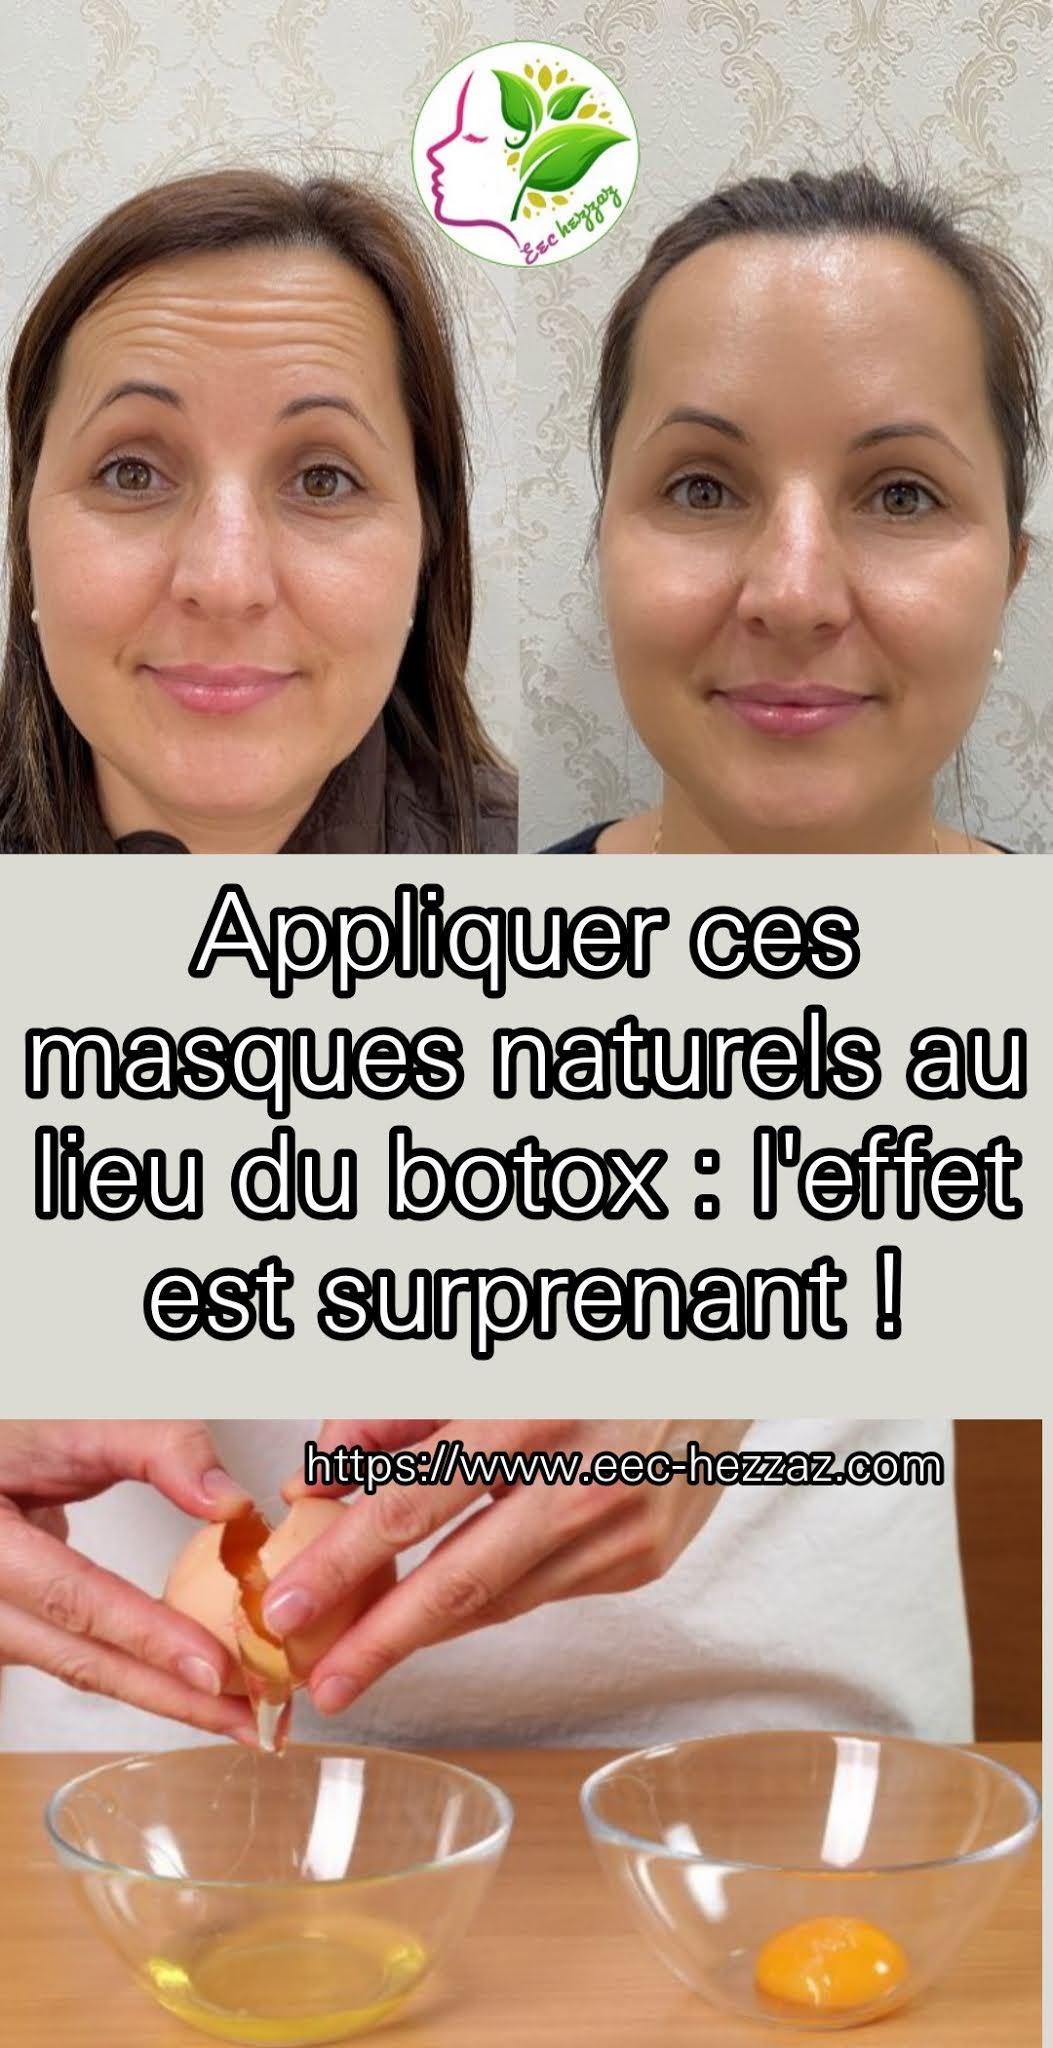 Appliquer ces masques naturels au lieu du botox : l'effet est surprenant !
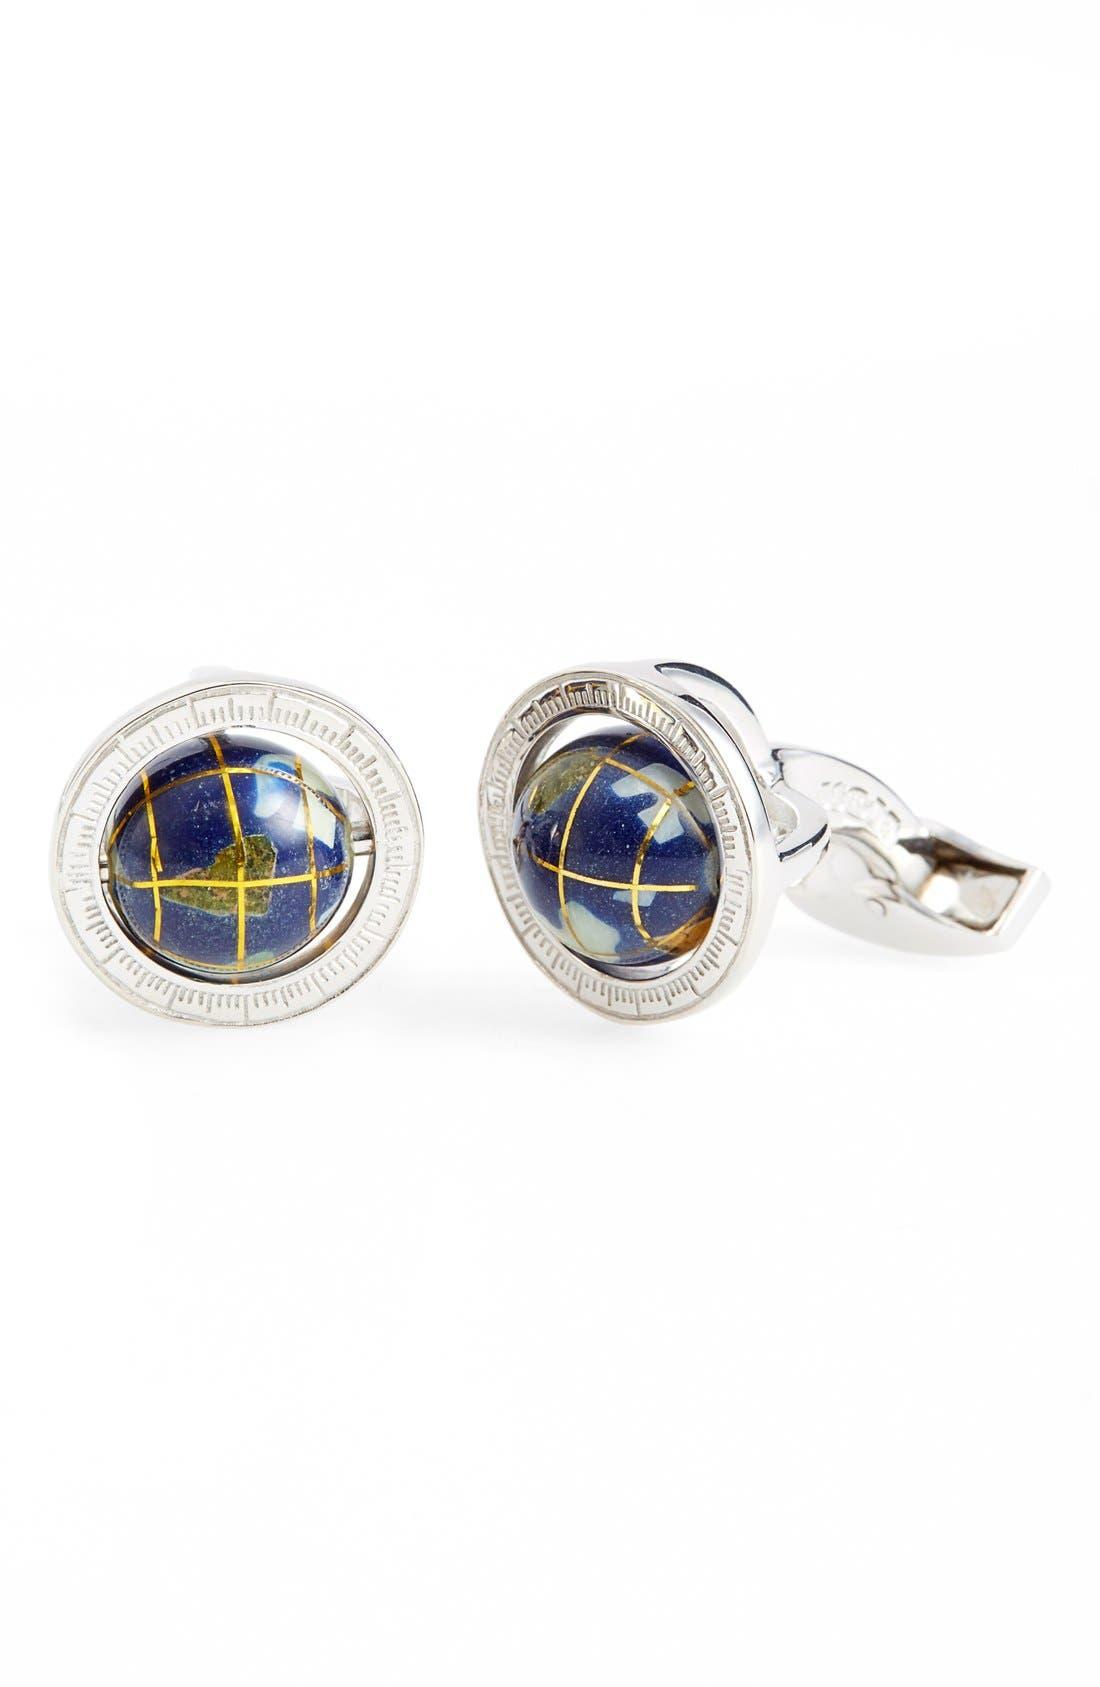 Alternate Image 1 Selected - Tateossian 'Globe' Cuff Links
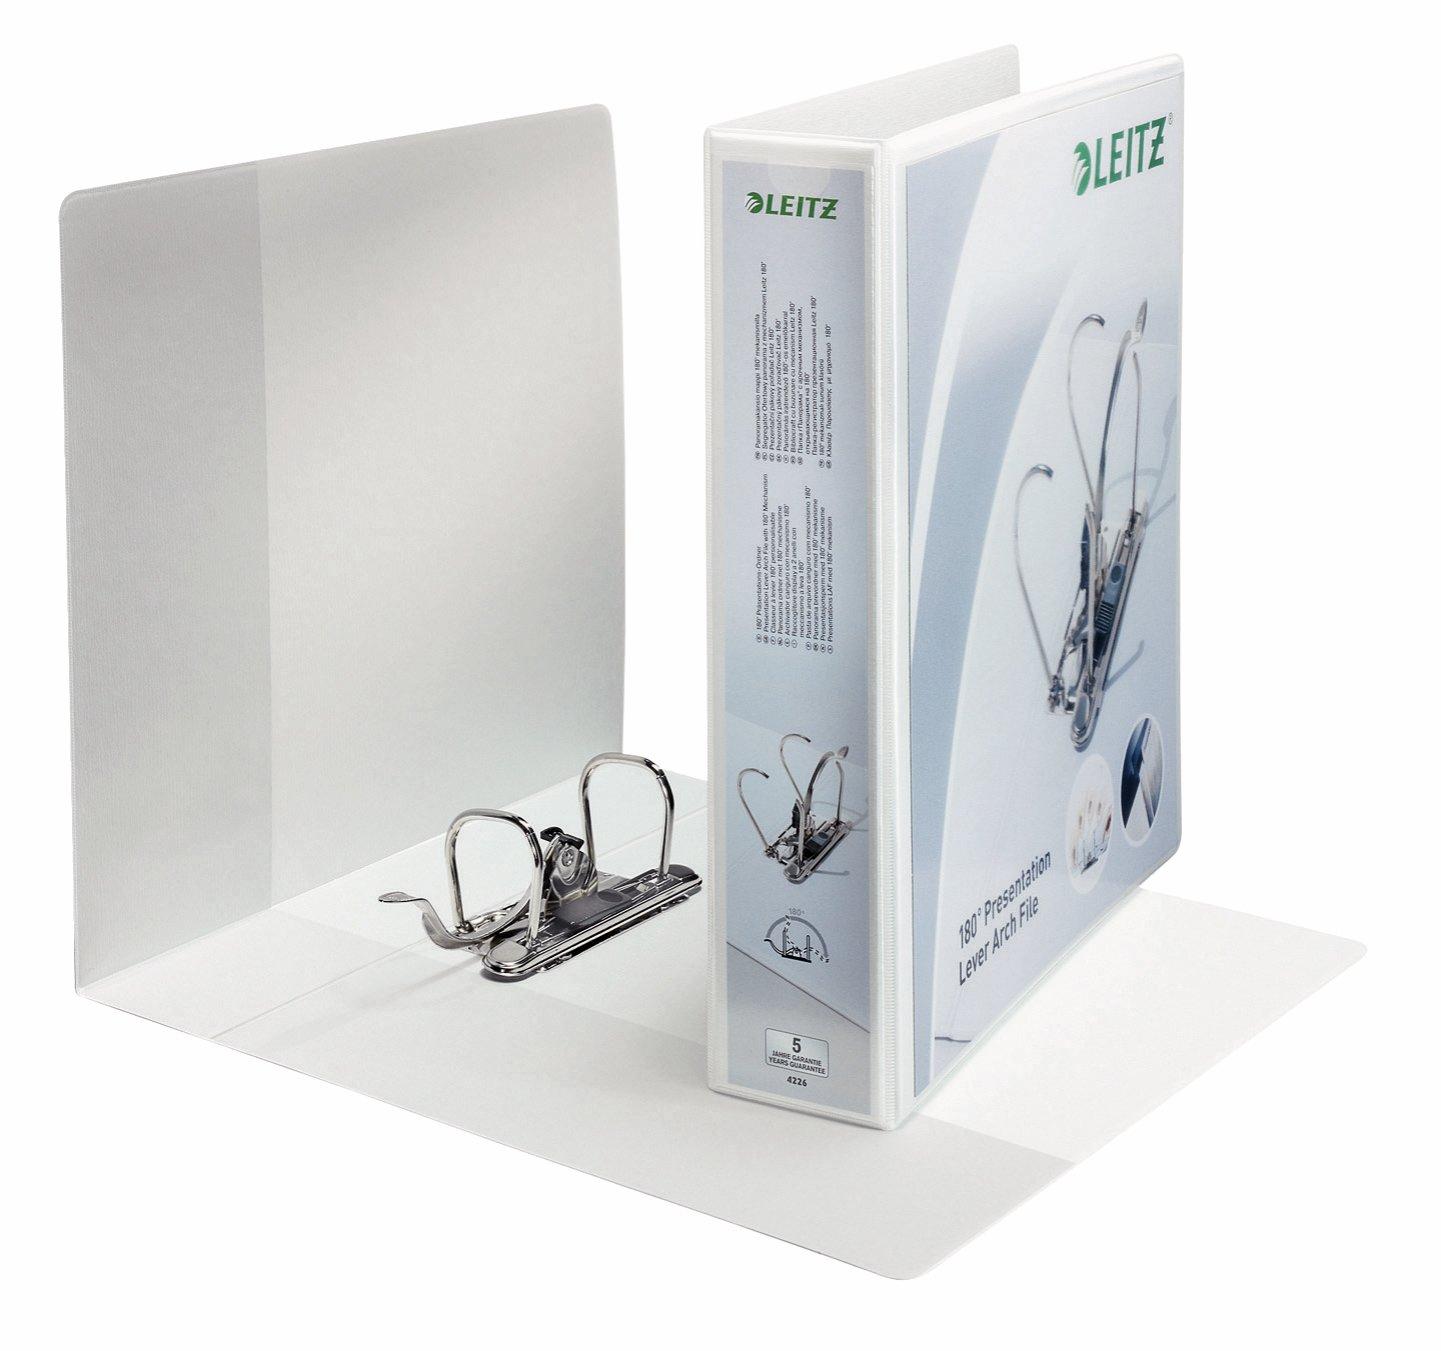 Leitz Raccoglitore personalizzabile con meccanismo a leva 180°, Per presentazioni, Formato A4 Maxi, Cartone rivestito in polipropilene, Dorso 7.5 cm, Bianco, 42250001
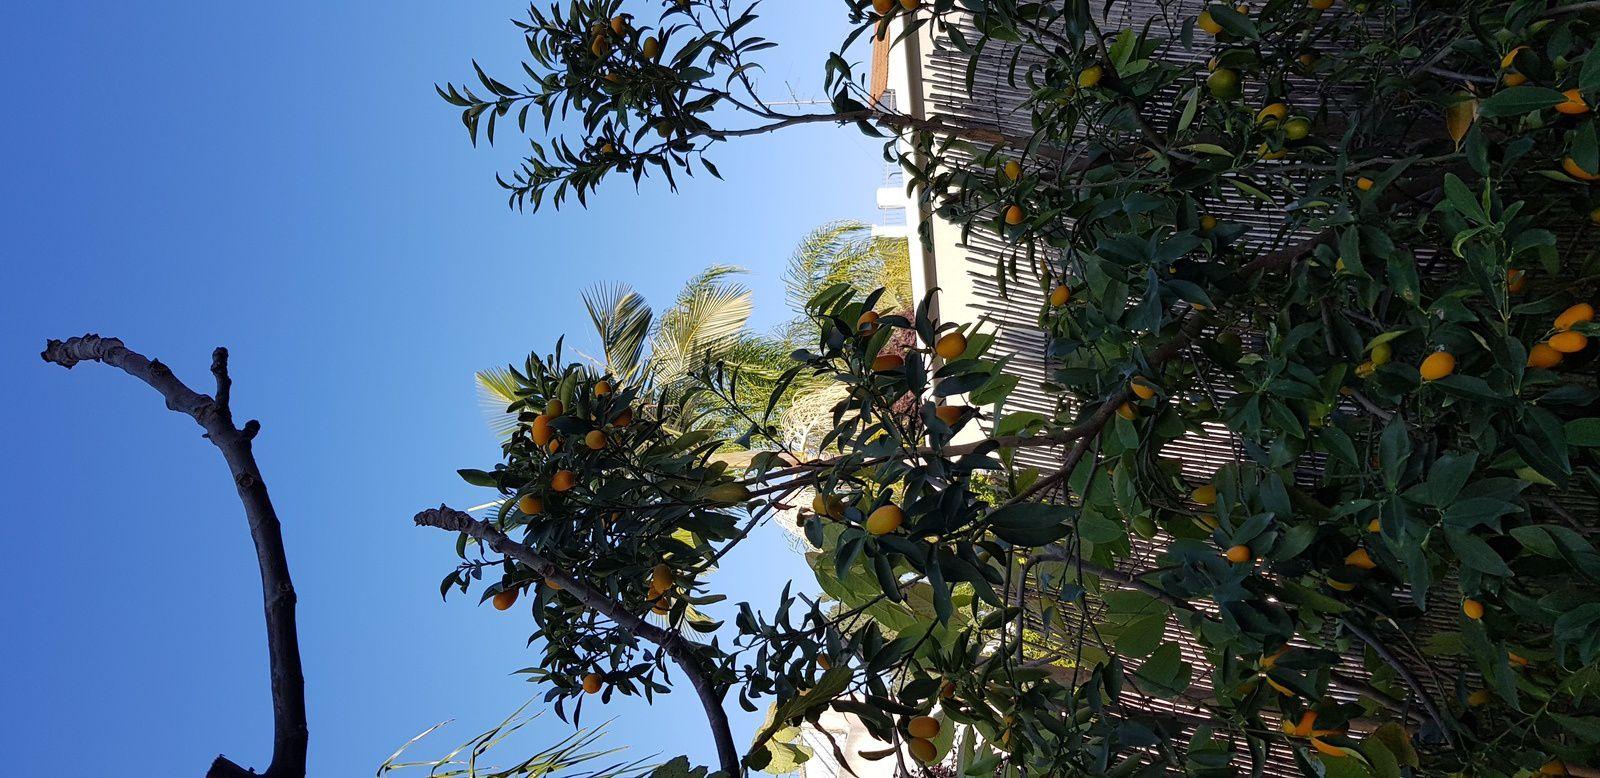 les petites boules oranges sont des kumkats!

++++++

■ What to do ■
Pictures are not part of the copy. Please reproduce the material word for word.

■ Solution to this exercise ■
 Appliquer ces masques naturels au lieu du botox : l'effet est surprenant !
 Alternate Image 1 Selected - Tateossian 'Globe' Cuff Links
 Leitz Raccoglitore personalizzabile con meccanismo a leva 180°, Per presentazioni, Formato A4 Maxi, Cartone rivestito in polipropilene, Dorso 7.5 cm, Bianco, 42250001
 les petites boules oranges sont des kumkats!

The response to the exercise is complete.